Mitochondrial DNA (mtDNA) mutations have been implicated in various age-related diseases. To further clarify the role of mtDNA variants in age-related hearing impairment (ARHI), we determined the DNA sequence of the entire mitochondrial genome of 400 individuals using the Affymetrix Human Mitochondrial Resequencing Array. These were the 200 worst hearing and the 200 best hearing from a collection of 947 Belgian samples. We performed association tests with individual mitochondrial variants, comparison of the mutation load, and association with European haplogroups and their interaction with environmental risk factors. We also tested the influence of rare variants on ARHI. None of these tests showed any association with ARHI.

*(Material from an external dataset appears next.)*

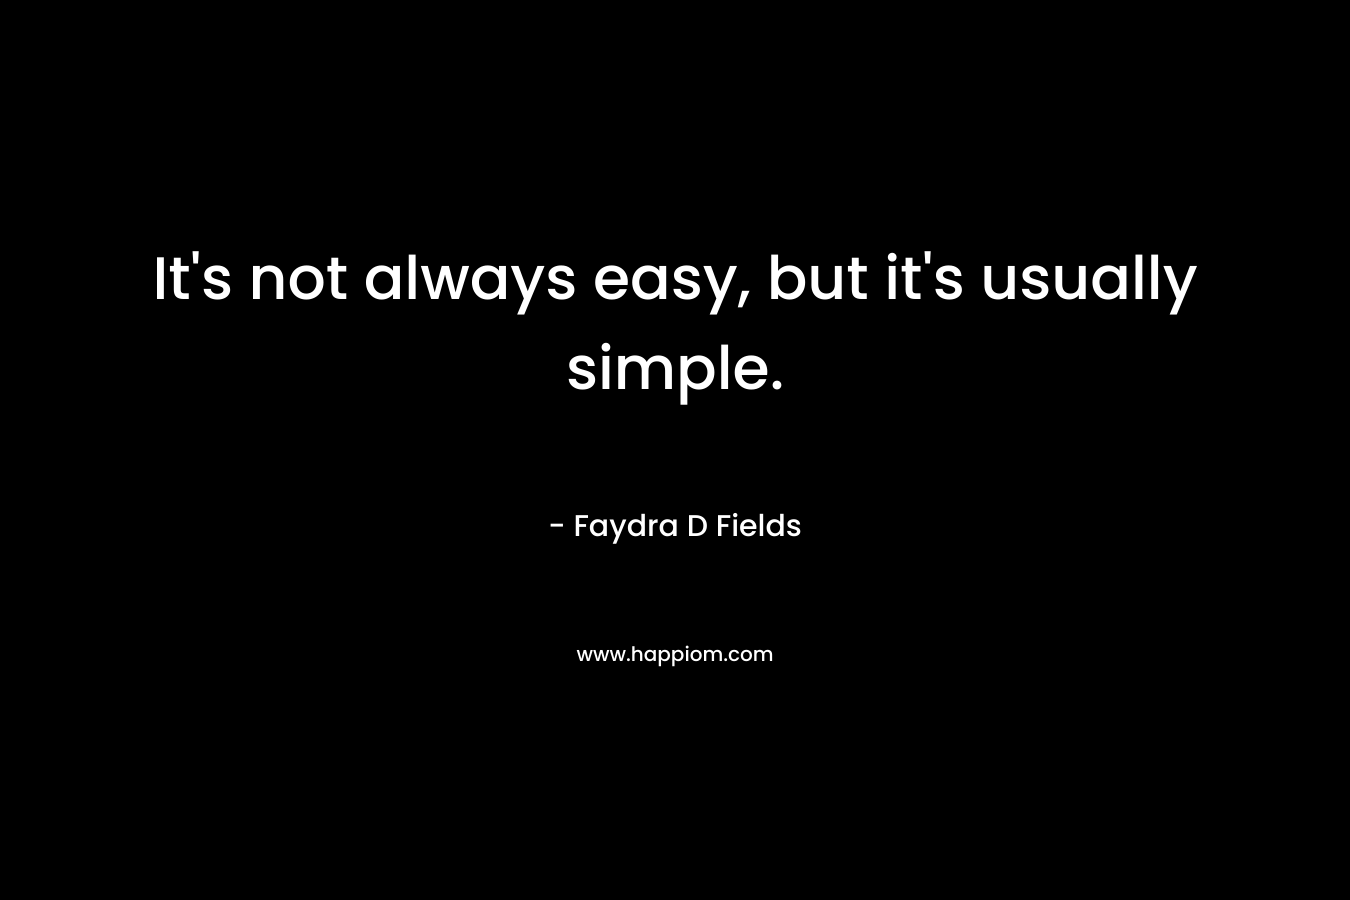 It’s not always easy, but it’s usually simple. – Faydra D Fields
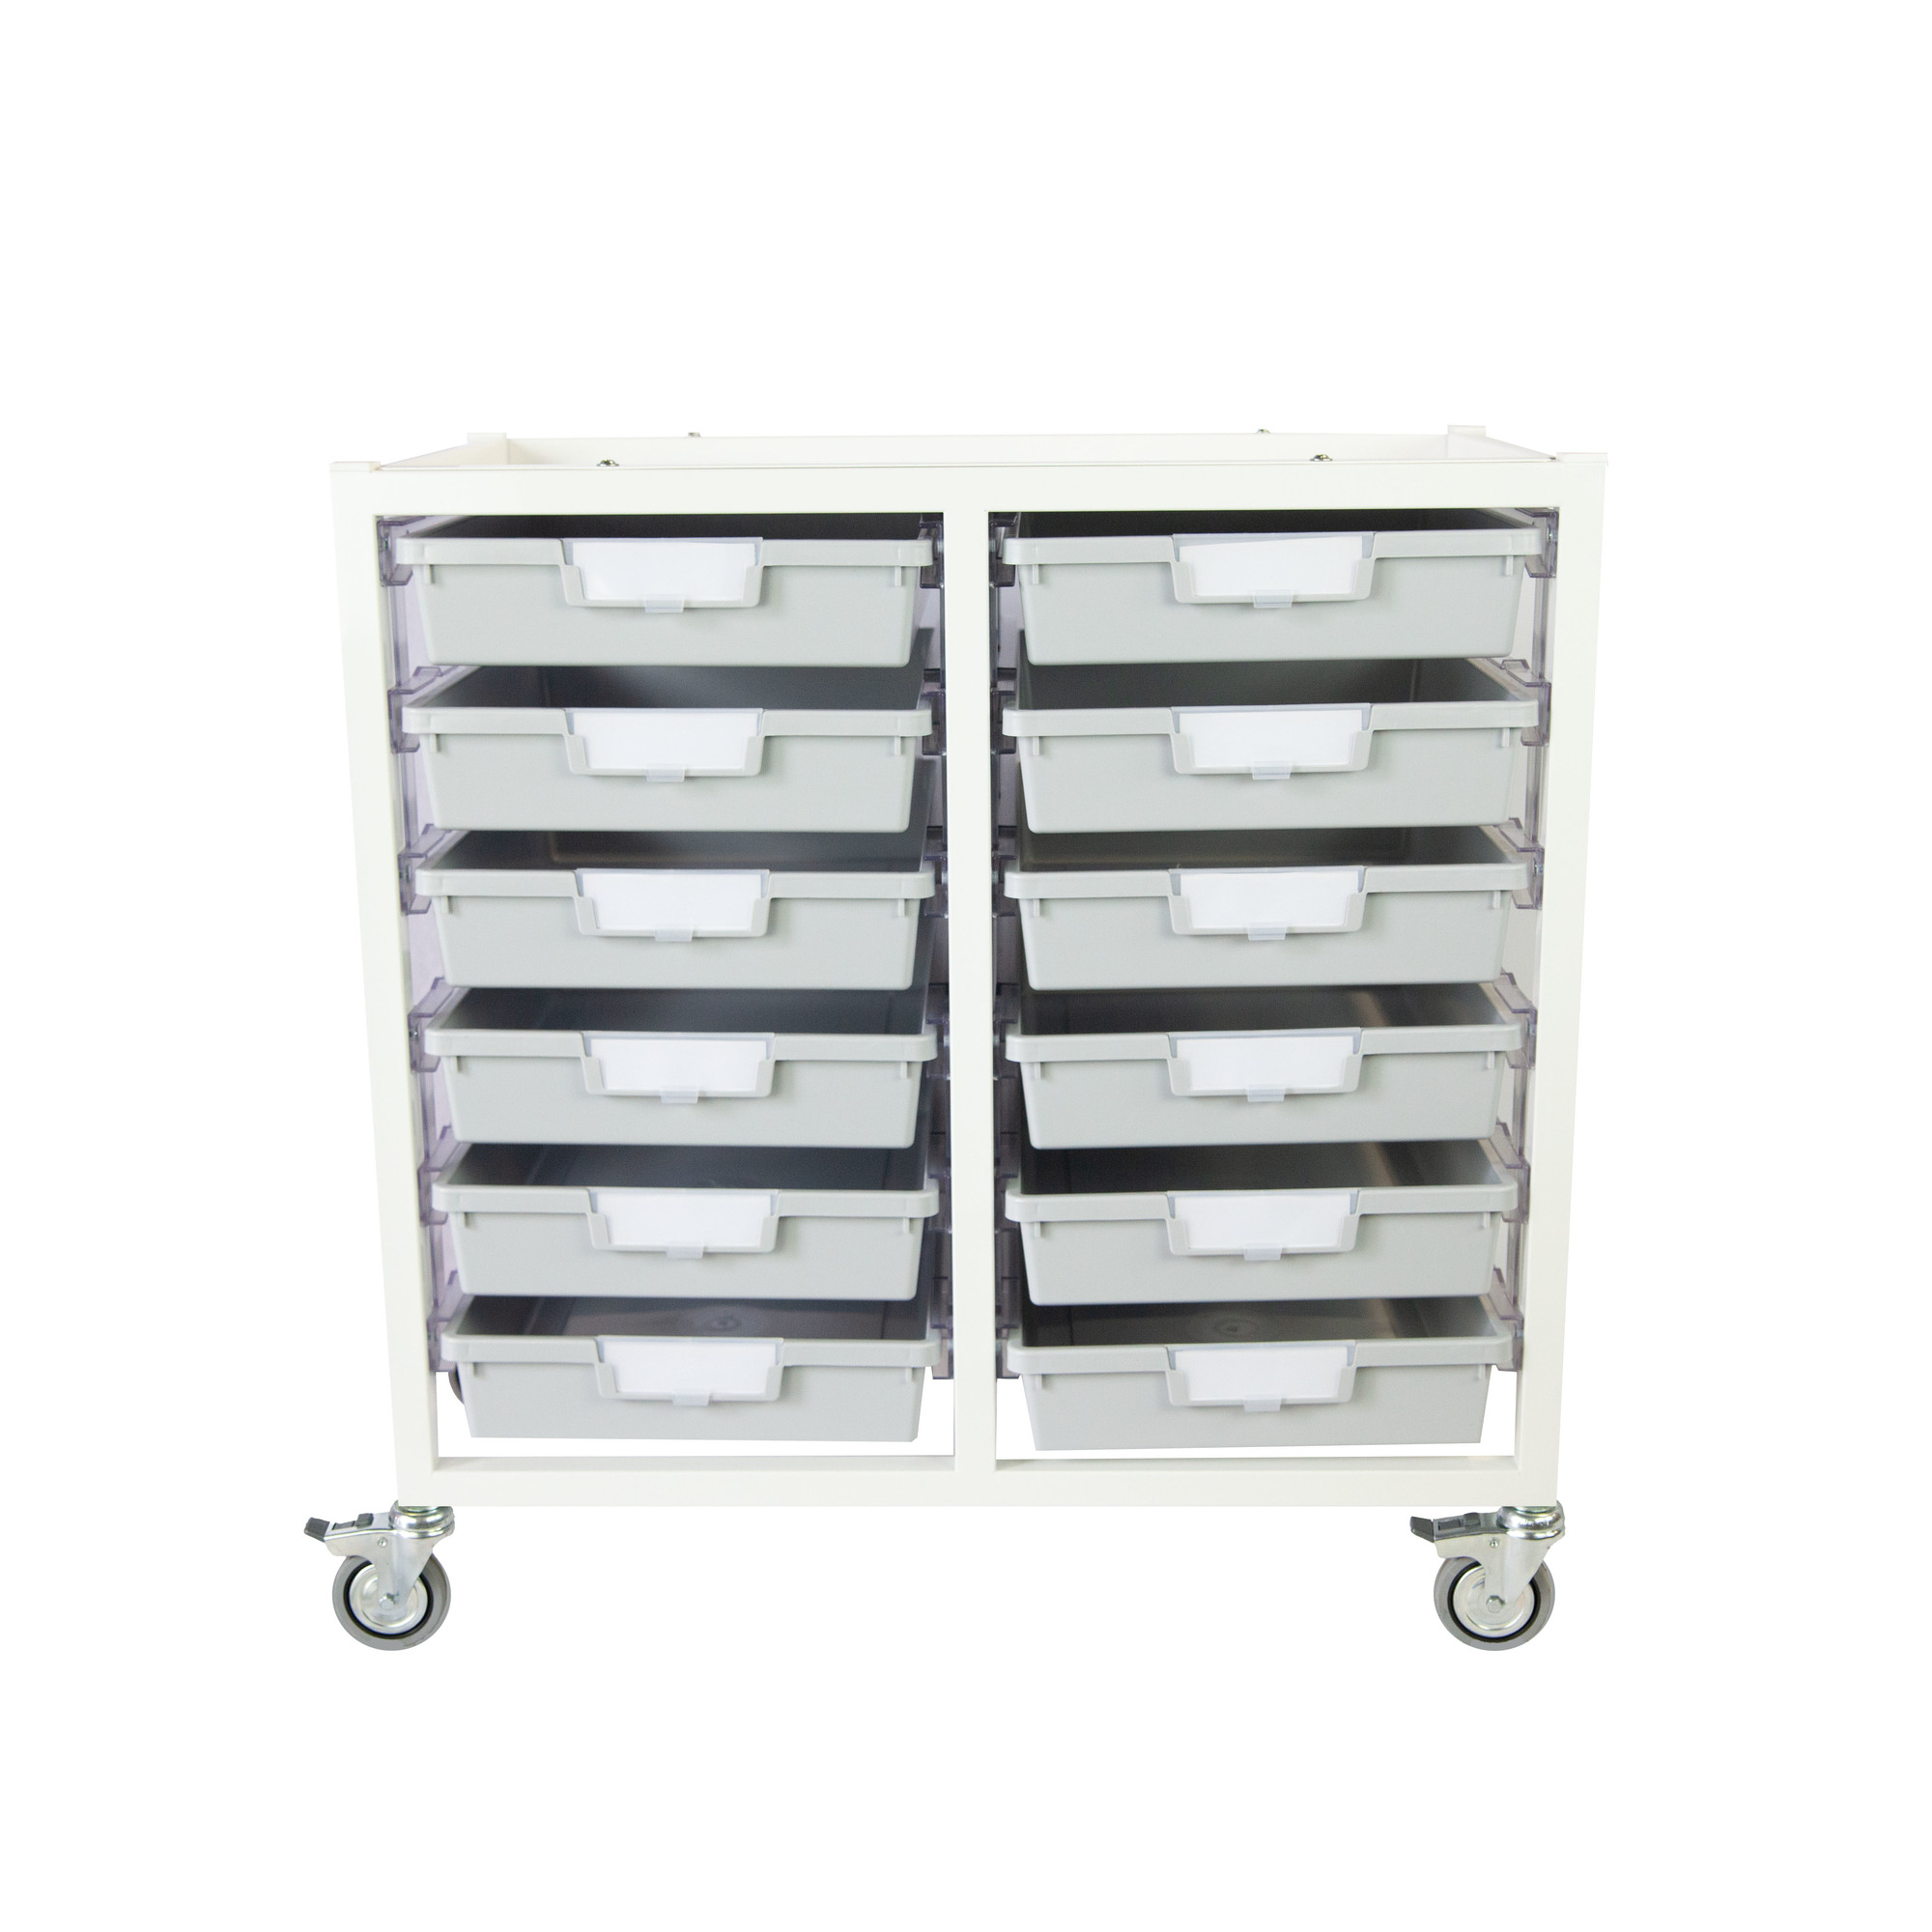 Certwood, Swift Cart Slim-White with 12 Gray Trays, Included (qty.) 1, Material Steel, Height 29.5 in, Model CE2101WH-12SLG

线粒体 DNA(mtDNA)突变与各种与年龄相关的疾病有关。为了进一步阐明 mtDNA 变体在与年龄相关的听力障碍(ARHI)中的作用,我们使用 Affymetrix Human Mitochondrial Resequencing Array 确定了 400 个人的整个线粒体基因组的 DNA 序列。这些是从 947 名比利时样本中收集的 200 名最差听力和 200 名最佳听力的个体。我们对个体线粒体变体进行了关联测试,比较了突变负荷,并与欧洲单倍群及其与环境风险因素的相互作用进行了关联。我们还测试了罕见变体对 ARHI 的影响。这些测试均未显示出与 ARHI 的任何关联。